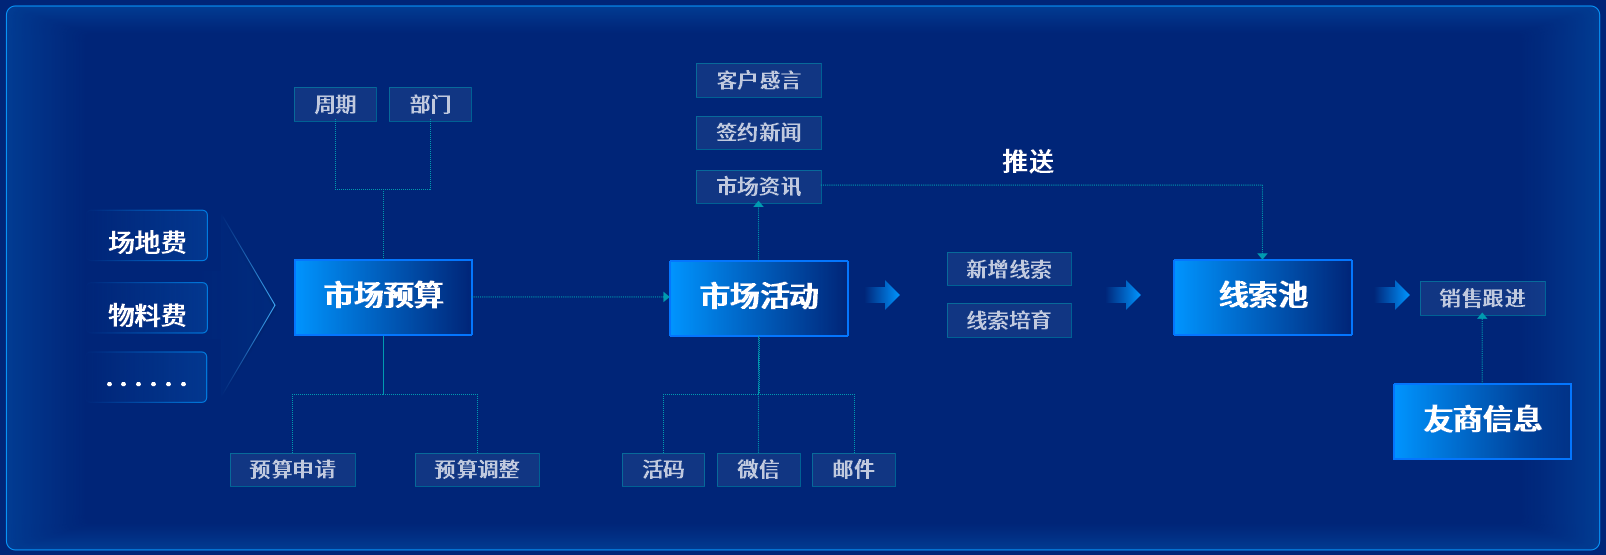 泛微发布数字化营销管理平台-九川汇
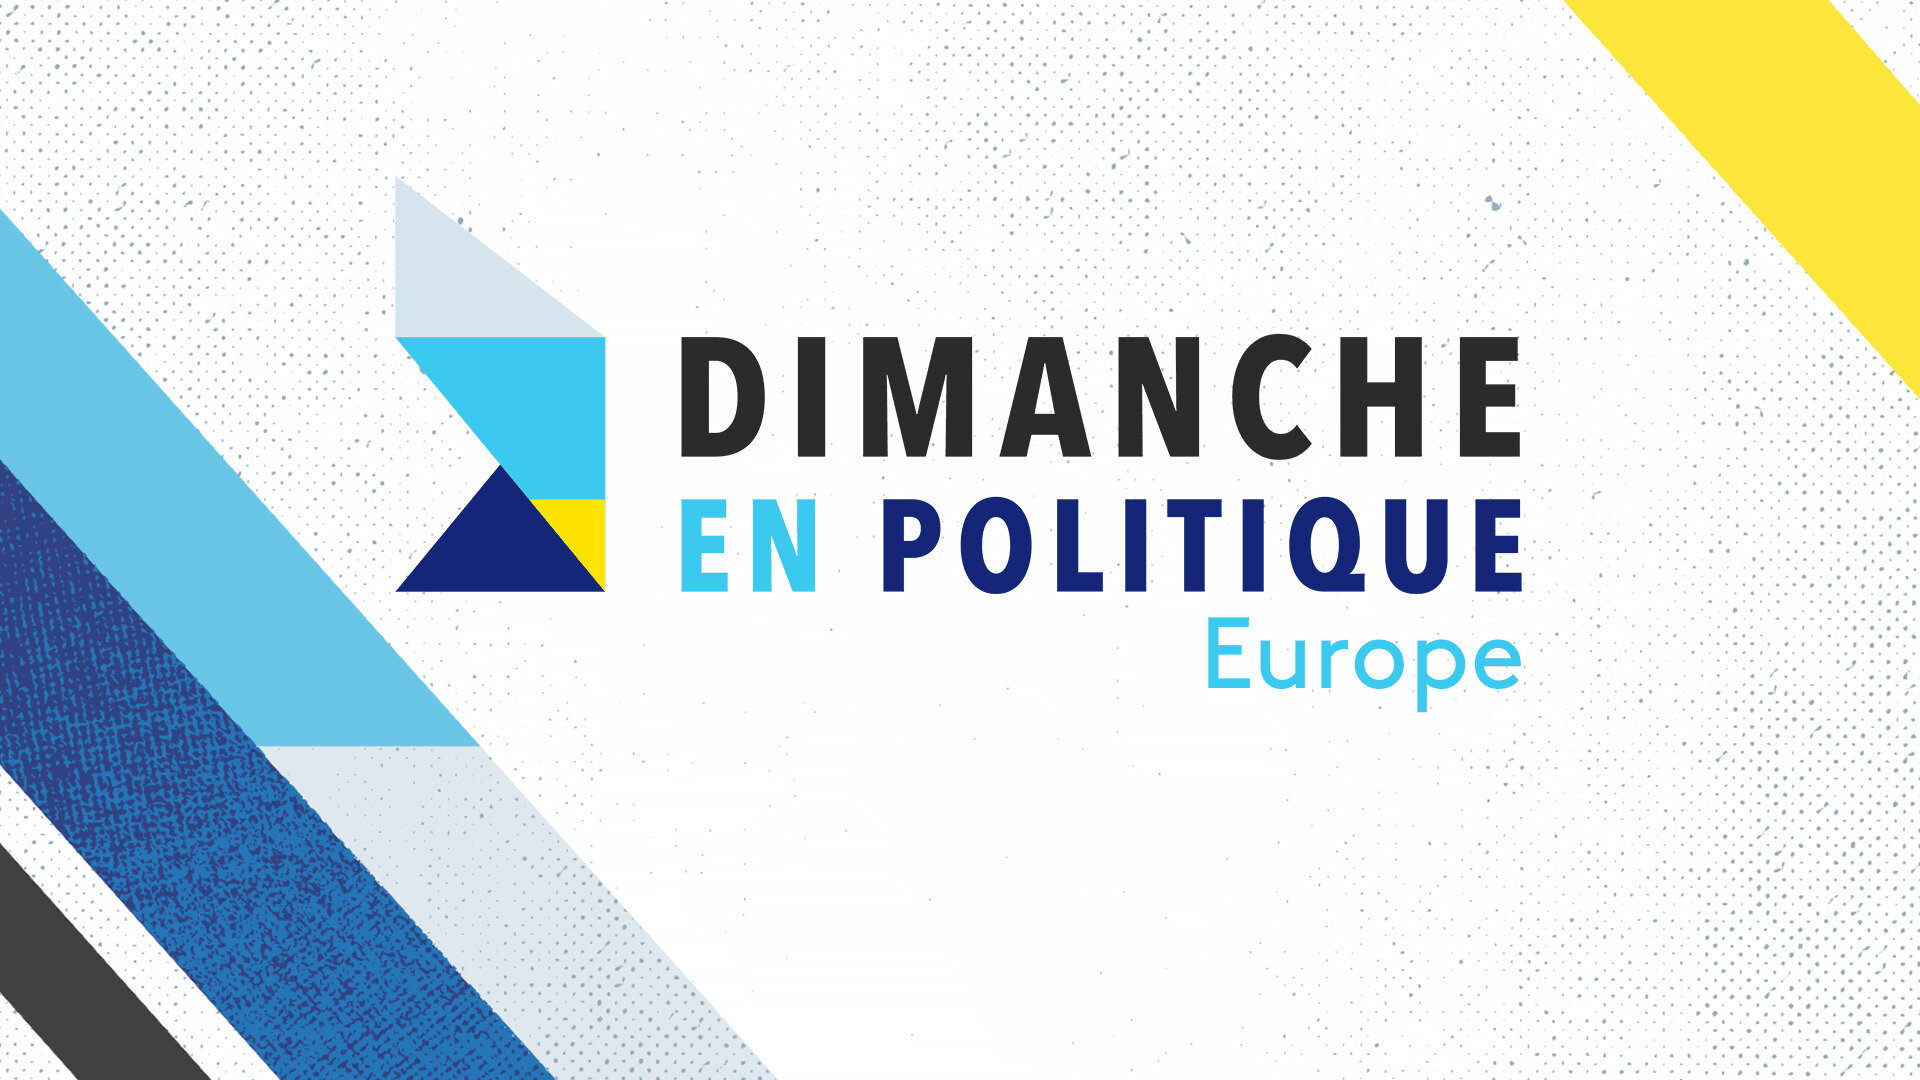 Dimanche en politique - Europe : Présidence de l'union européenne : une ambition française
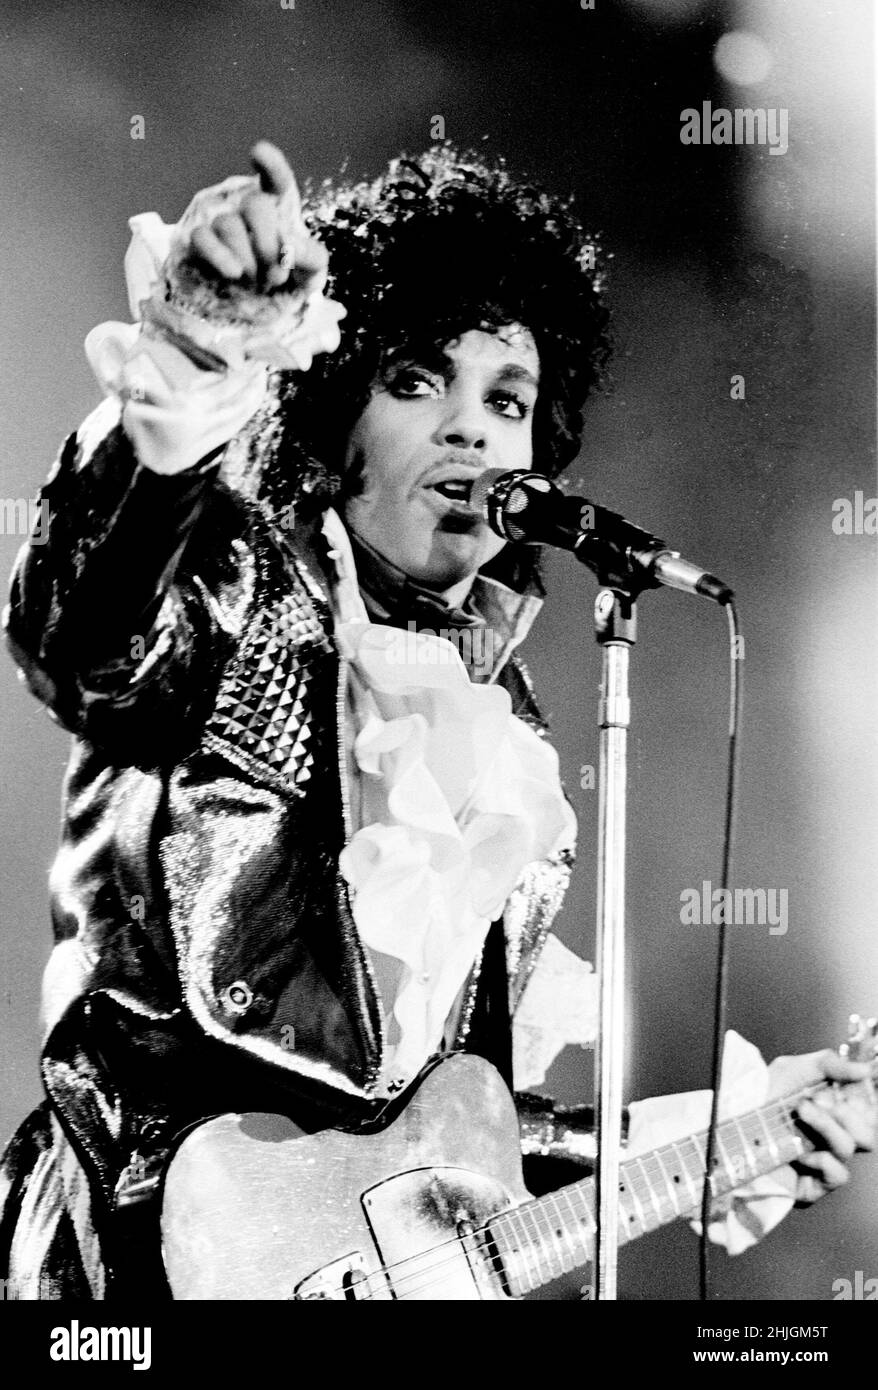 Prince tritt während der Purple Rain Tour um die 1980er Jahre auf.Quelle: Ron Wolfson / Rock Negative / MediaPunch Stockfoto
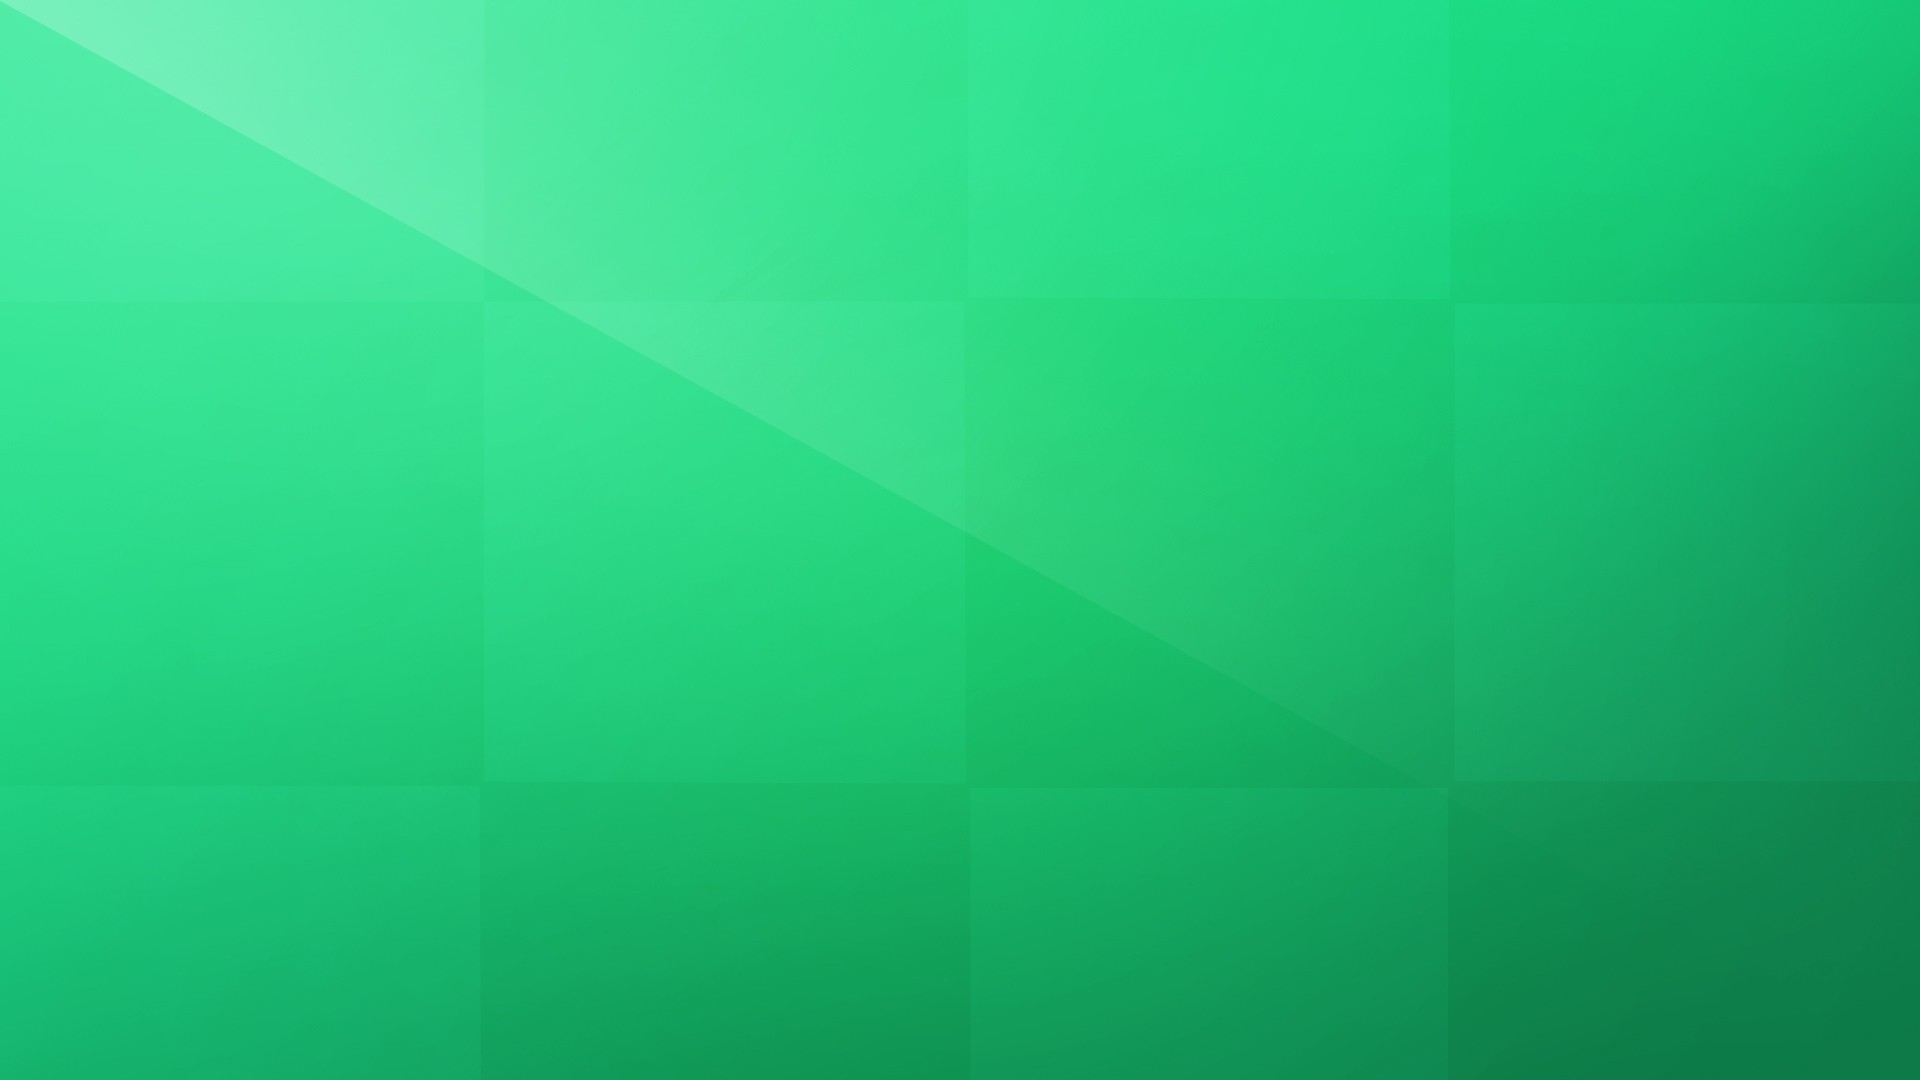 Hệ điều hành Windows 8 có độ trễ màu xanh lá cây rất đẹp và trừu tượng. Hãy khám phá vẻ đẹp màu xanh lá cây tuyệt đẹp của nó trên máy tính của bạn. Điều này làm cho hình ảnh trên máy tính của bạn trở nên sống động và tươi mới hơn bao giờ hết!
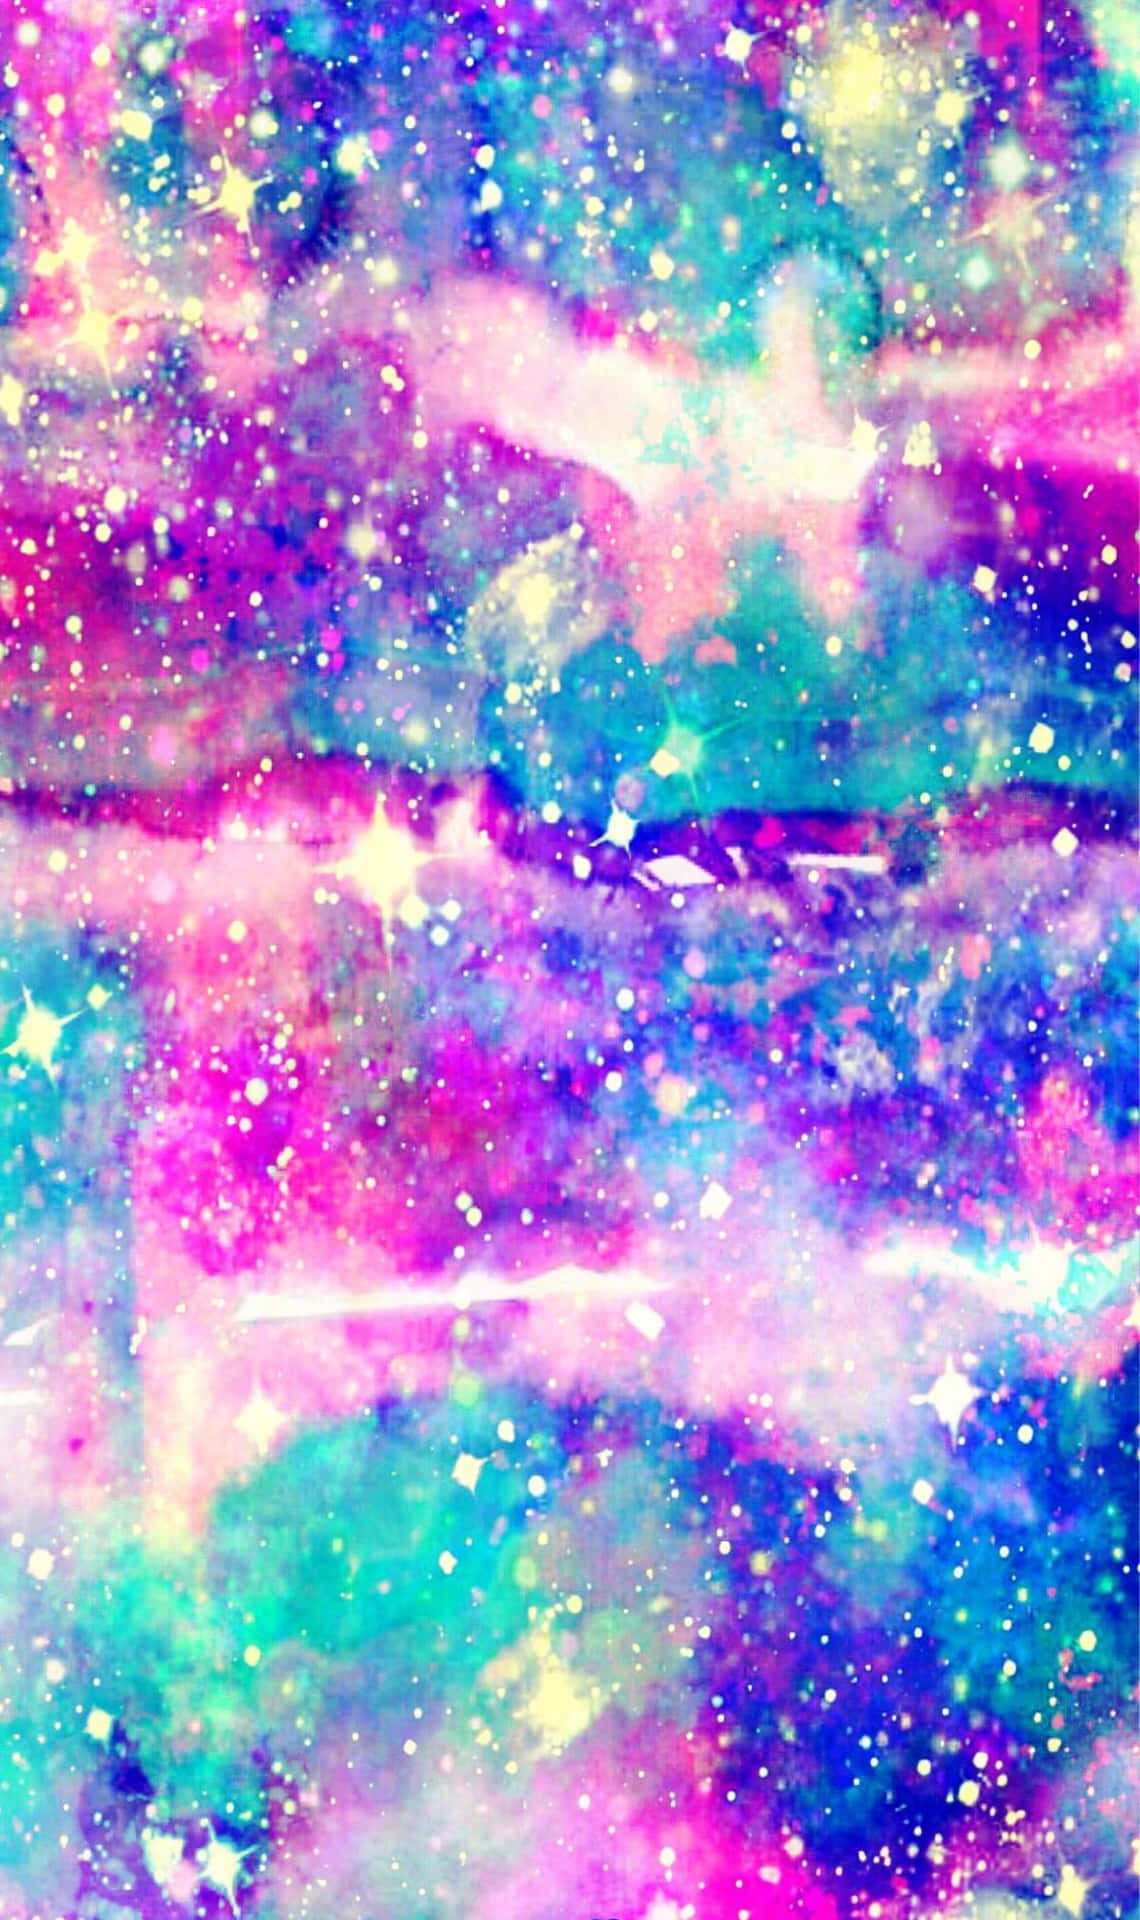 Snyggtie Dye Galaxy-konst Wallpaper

☆ ☆ ☆ ☆

▶ _TASK DESCRIPTION_
Write the listing above out again word for word, excluding all images.

▶ _SOLUTION BELOW_
 泛微发布数字化营销管理平台-九川汇
 Dimanche en politique - Europe : Présidence de l'union européenne : une ambition française
 Prince tritt während der Purple Rain Tour um die 1980er Jahre auf.Quelle: Ron Wolfson / Rock Negative / MediaPunch Stockfoto
 Hệ điều hành Windows 8 có độ trễ màu xanh lá cây rất đẹp và trừu tượng. Hãy khám phá vẻ đẹp màu xanh lá cây tuyệt đẹp của nó trên máy tính của bạn. Điều này làm cho hình ảnh trên máy tính của bạn trở nên sống động và tươi mới hơn bao giờ hết!
 Snyggtie Dye Galaxy-konst Wallpaper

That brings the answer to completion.